Able – Small Business Lending - ankurpatel
https://www.hiable.com/

======
nlh
I love the problem they're attacking. I agree completely that early-
stage/small business lending is one of the great challenges in
entrepreneurship today. "Banks lend money to people who don't need it" rings
very true.

BUT --

"How do we do this? First, we examine data from a business’s customers through
the collection of reviews, check-ins, and connections that have already been
generated across social media."

I strongly disagree that this is the right solution. This is essentially
taking the underwriting process and shifting it from banks to...social media
users?

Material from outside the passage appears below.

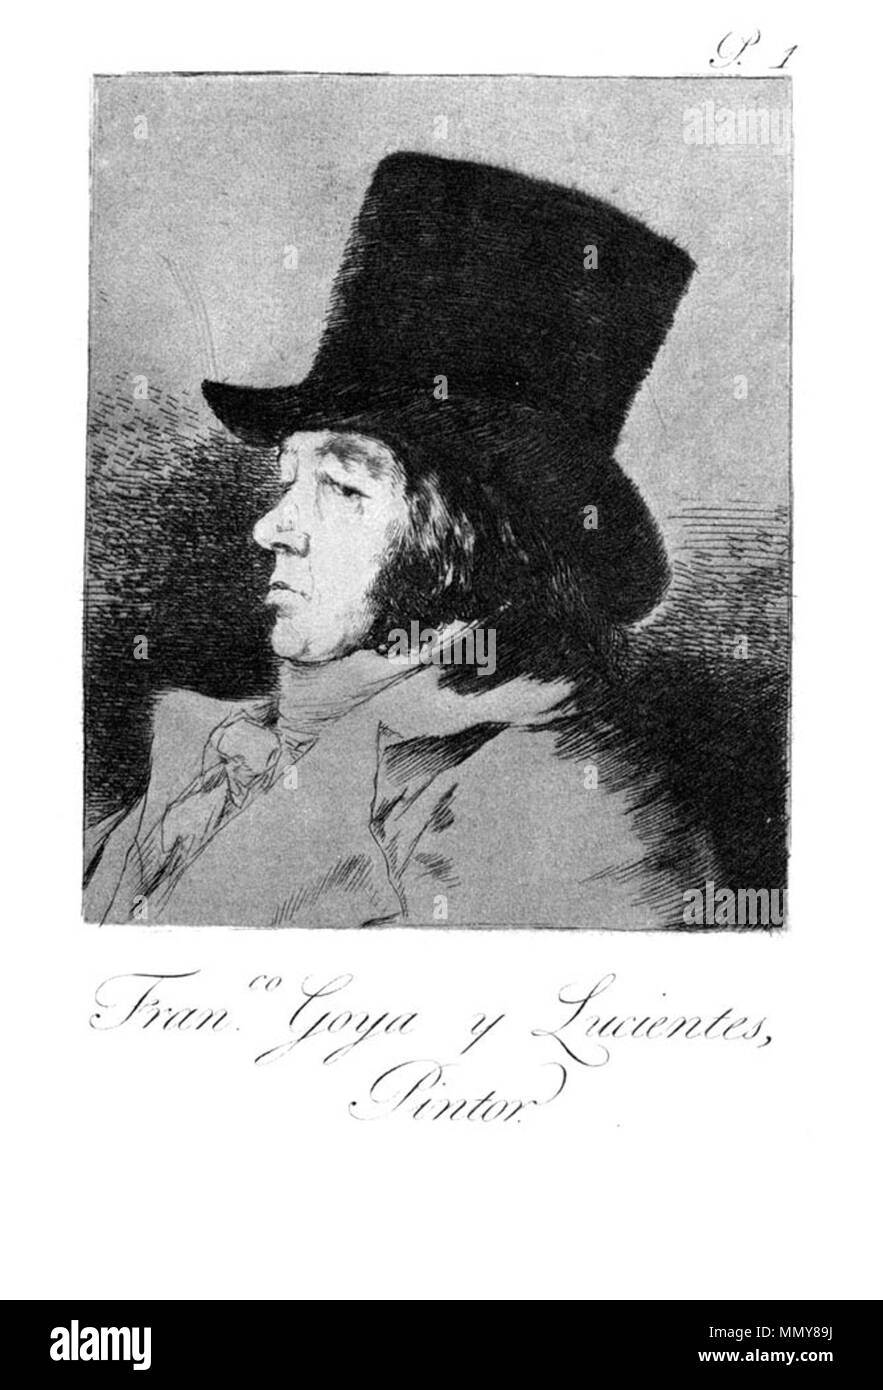 . Los Caprichos is a set of 80 aquatint prints created by Francisco Goya for release in 1799.  Capricho ? 1: Francisco Goya y Lucientes, Pintor. 1799. Goya - Caprichos (01) Stock Photo

Honestly, as much as I have distaste for the small business divisions
of most banks, it pales in comparison to the distaste I have for the collected
"wisdom" of (most) Yelp reviewers and Foursquare Checker-Inners. "The food was
outstanding but the server made one mistake -- 1-STAR!!!"

So now, what they're saying, is that not only does a bad review have the
potential to hurt your ability to gain new customers, now it can hurt a
business' ability to get credit and financing.

I genuinely think they're onto something here - and I think they're working on
a critical problem - but I think using social media reviews (in their current
form) as a credit signal is a mistake and the wrong approach.

------
ankurpatel
Maybe Able might have the same outcome as Outbox which closed recently.

There are many unanswered questions here as to what happens if a small
business does bankruptcy.

------
seanmccann
Well that's a giant 180.